“We were never that close”
Yeah, I can see why.
I pity her daughter for the misfortune of being born to this piece of absolute shit.
okay but you should really read the full response to this though:
I am having a hard time wrapping my mind around this letter. I encourage you to reread it and to ask yourself that time-honored question, “Do I sound like a villain in a Reese Witherspoon movie?” You are, presumably, sympathetic to your own situation and are invested in making sure that you come across as reasonable and as caring as possible, and yet you have written a letter indicting yourself at every turn. This girl is “like a daughter” to you, and yet you want to shove her to the side of your other daughter’s wedding just because she walks with a limp. Your daughter’s wedding will be perfect with Katie as a full and honored member of the bridal party.

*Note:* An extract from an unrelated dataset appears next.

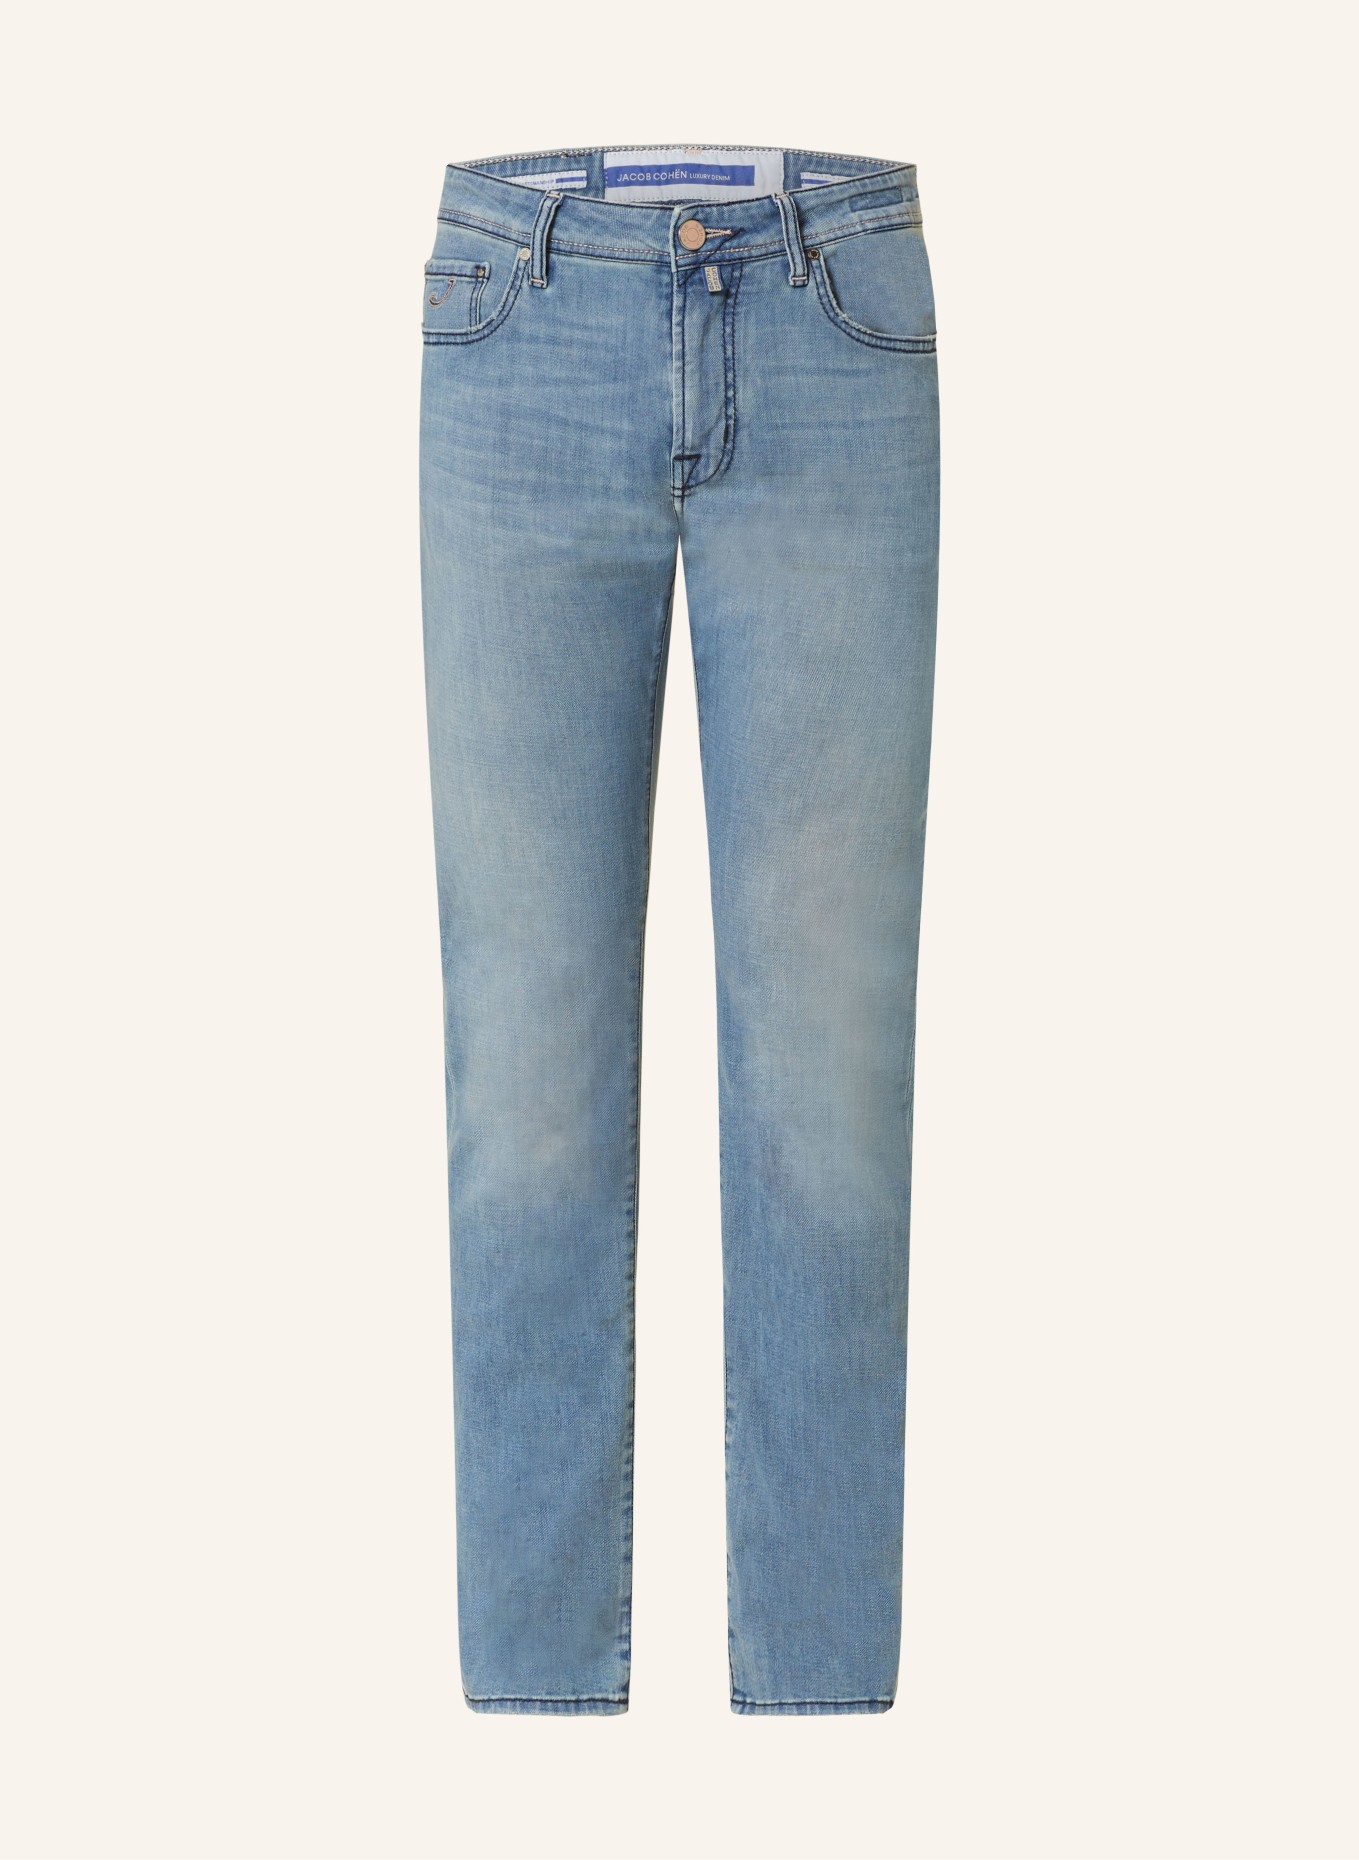 JACOB COHEN Jeans BARD slim fit, Color: 701D Light Blue (Image 1)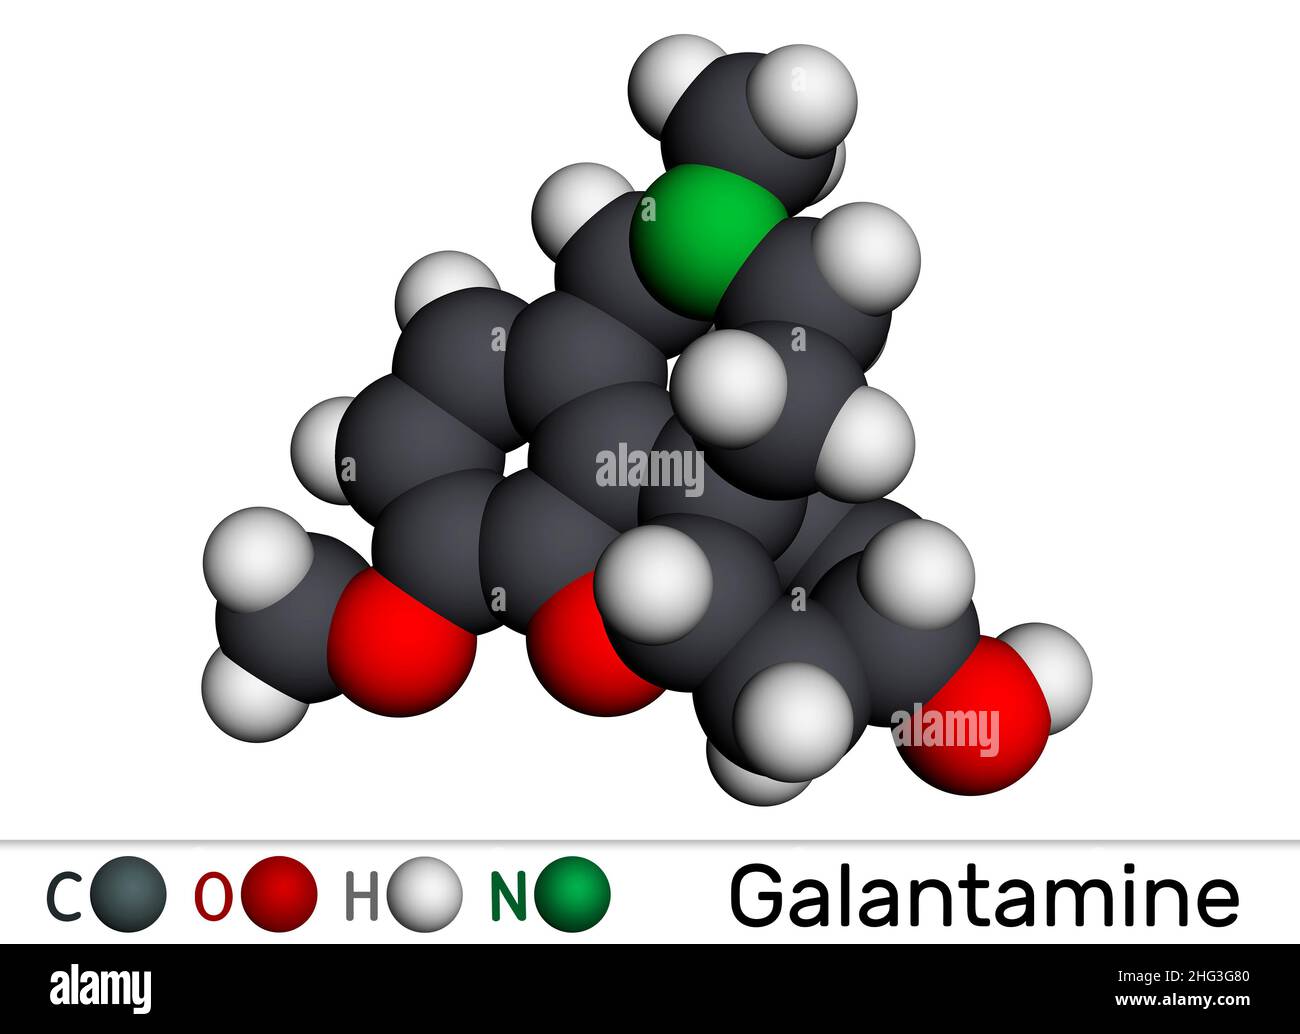 Galantamin, Molekül. Es ist ein tertiäres Alkaloid, das zur Bekämpfung von Demenz, Alzheimer, verwendet wird. Molekularmodell. 3D Rendern. Abbildung Stockfoto

A limp is not a fly in the ointment; it’s a part of Katie’s life. It is not only wrong to have asked your daughter to consider excluding her best friend over this—it is ableist, and cruel, and it speaks to a massive failure of empathy, compassion, and grace on your part. You must and should apologize to your daughter immediately, and I encourage you to profoundly reconsider the orientation of your heart.
The wedding isn’t about aesthetics. If that is the substance you seek, then life will be unbearably disappointing for you. “Perfection” is your daughter marrying someone she loves and trusts, and surrounding herself with those she cares about, welcoming them to become a part of this new phase of her life, as they were all the others. “Perfection” would be you pulling your head from your own arse long enough to see you dehumanized a young lady you claim to love, called her unsightly, diminished her character, her mind, and her spirit down to one leg that happens to malfunction. “Perfection” will be your life in thirty years, when you begin to lose the control of your bowels and have to rely on others to wipe your backside, when you have to argue that biology has nothing to do with your character, when you have to endure what it means to be treated disrespectfully by someone in your own family or peer group because your body won’t obey you.
“Perfection” would be erasing the unmitigated sociopathy that is clearly behind this letter.